The point of this lab is to train you to use collections and their APIs: we have designed the assignment so that almost all of it can be solved by combining built-in functions and for comprehensions. Hence, if you find yourself writing a complicated recursive function, think again!

Useful documentation for Scala collections can be found here:

Scala API home page
All Scala immutable collections
Lists
Strings (Scala uses the same String type as Java)

Problem statement

An anagram of a word is another word that can be formed by rearranging the letters of the first. For example, integral is an anagram of triangle, and logarithm is an anagram of algorithm.

In a similar way, an anagram of a sentence is a different sentence that can be formed by rearranging all the letters of the first. The new sentence must consist of meaningful words, but the number of words, punctuation, case, or even accents do not have to match. For example, You olive is an anagram of I love you. Plain permutations, such as you I love, are also anagrams for our purposes.

Your ultimate goal is to implement a method anagrams, which, given a sentence letter occurrences and a list of permissible words, finds all the anagrams of that sentence composed of valid words.

Take a moment to think about this problem. If you have not completed it yet, also consider taking a moment to solve the 🧪 exercises in this week’s exercise set, especially the Des lettres part of Des chiffres et des lettres.

The approach in the first part of this lab is relatively inefficient; to keep your workload reasonable, we’ve left optimizations to callbacks.

Approach

To find sentence anagrams, we will break our sentence into individual letters, enumerate all subsets of these letters, check each subset to see if it is an anagram of a known word, and if so recursively combine it with sentence anagrams of the rest of the sentence.

For example, the sentence You olive has the letters eiloouvy:

Start by identifying a subset, say elov. We are left with the characters iouy.
Consult the word list to see that elov is an anagram of love.
Solve the problem recursively for the rest of the characters (iouy), obtaining List(I, you), and List(you, I).
Combine the word love to obtain six possible results:
- List(love, I, you),
- List(love, you, I),
- List(I, love, you),
- List(you, love, I),
- List(I, you, love), and
- List(you, I, love).

This process requires:

Normalizing all inputs to remove diacritics (accents) and non-alphabetic characters (punctuation, spaces, etc.)
Constructing a dictionary to quickly look up word anagrams
Recursively enumerating subsets of a given set
Recursively constructing sentence anagrams

… which is what we’ll do!

Efficient Tree Representation

Grouping Common Prefixs

As we have seen above, a naive implementation would use lists of sentences to represent anagrams, for example anagrams of the sentence “no mercy” can be represented as:

List("cry", "me", "no")
List("cry", "me", "on")
List("cry", "no", "me")
List("cry", "on", "me")

List("me", "no", "cry")
List("me", "on", "cry")
List("me", "cry", "no")
List("me", "cry", "on")

List("no", "cry", "me")
List("no", "me", "cry")

List("on", "cry", "me")
List("on", "me", "cry")

However, prefixes are duplicated in the lists. Is it necessary? For example, can we group sentences starting with “cry” together with a single copy of “cry”?

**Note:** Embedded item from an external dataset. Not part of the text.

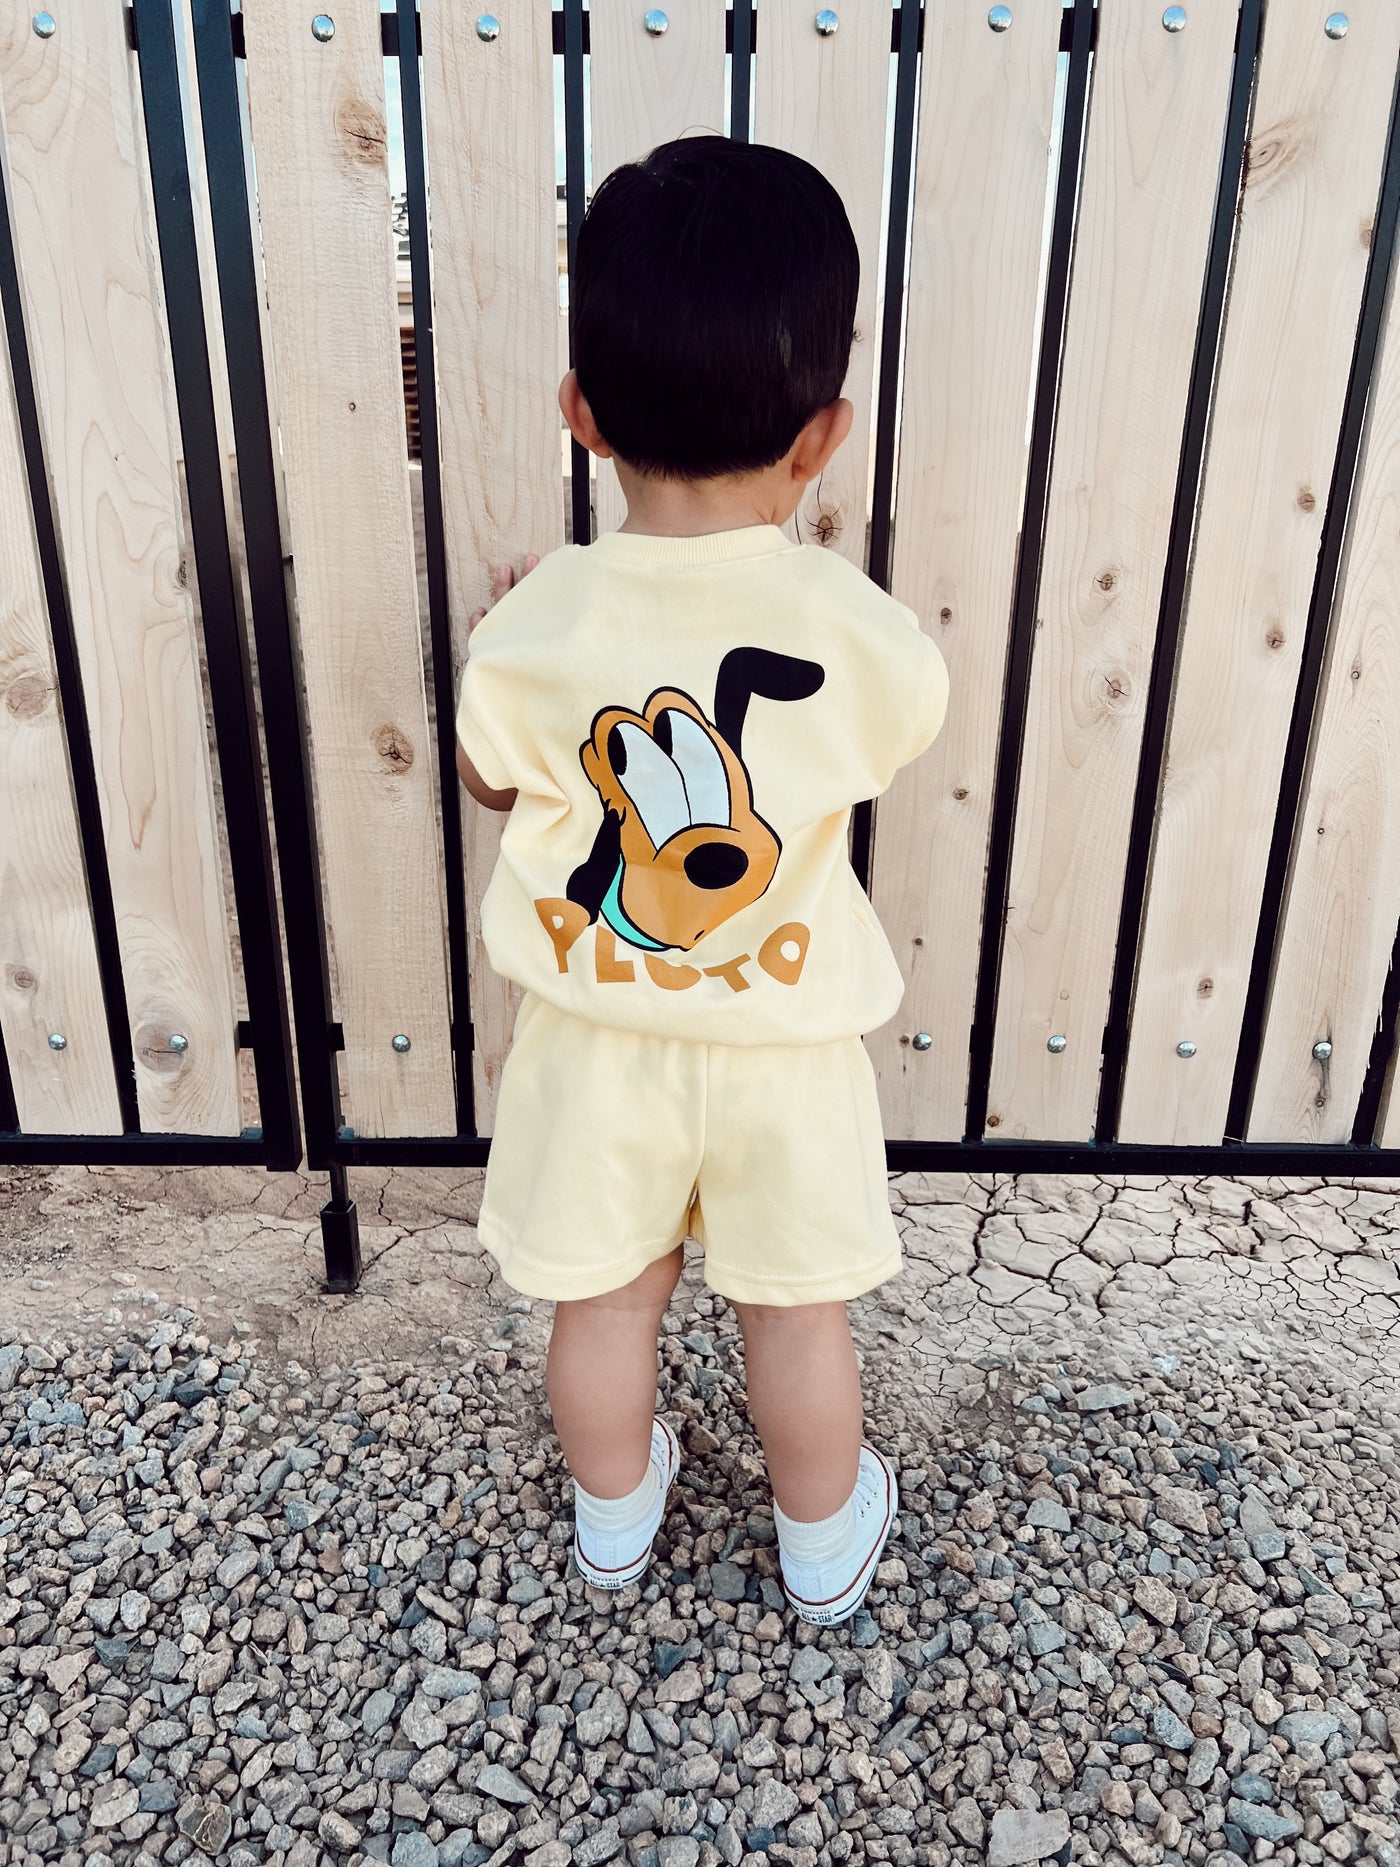 Mickey Friends Embroidered Vest Set

Back in the find lab, we can easily reason about the list of output files as a tree. For example,

food/
food/fruits/
food/fruits/strawberry.txt
food/fruits/tomato.txt
food/vegetables/
food/vegetables/tomato.txt

is naturally equivalent to the following tree:

food
├── fruits
│   └── strawberry.txt
│   └── tomato.txt
└── vegetables
    └── tomato.txt

because the list and tree representation share the same prefix paths.

Applying this reasoning to anagrams, we notice that trees are a very natural structure to represent anagrams of a sentence. The following tree represents the previous anagram lists of “no mercy”:

.
├── cry
│   ├── me
│   │   ├── no
│   │   └── on
│   ├── no
│   │   └── me
│   └── on
│       └── me
├── me
│   ├── cry
│   │   ├── no
│   │   └── on
│   ├── no
│   │   └── cry
│   └── on
│       └── cry
├── no
│   ├── cry
│   │   └── me
│   └── me
│       └── cry
└── on
    ├── cry
    │   └── me
    └── me
        └── cry

As you can notice, grouping parts of sentences by prefix gives a more concise representation.

Grouping Equivalent Words

We can go further: both “no” and “on” are composed of the same letters, which means that in the context of anagrams they are equivalent.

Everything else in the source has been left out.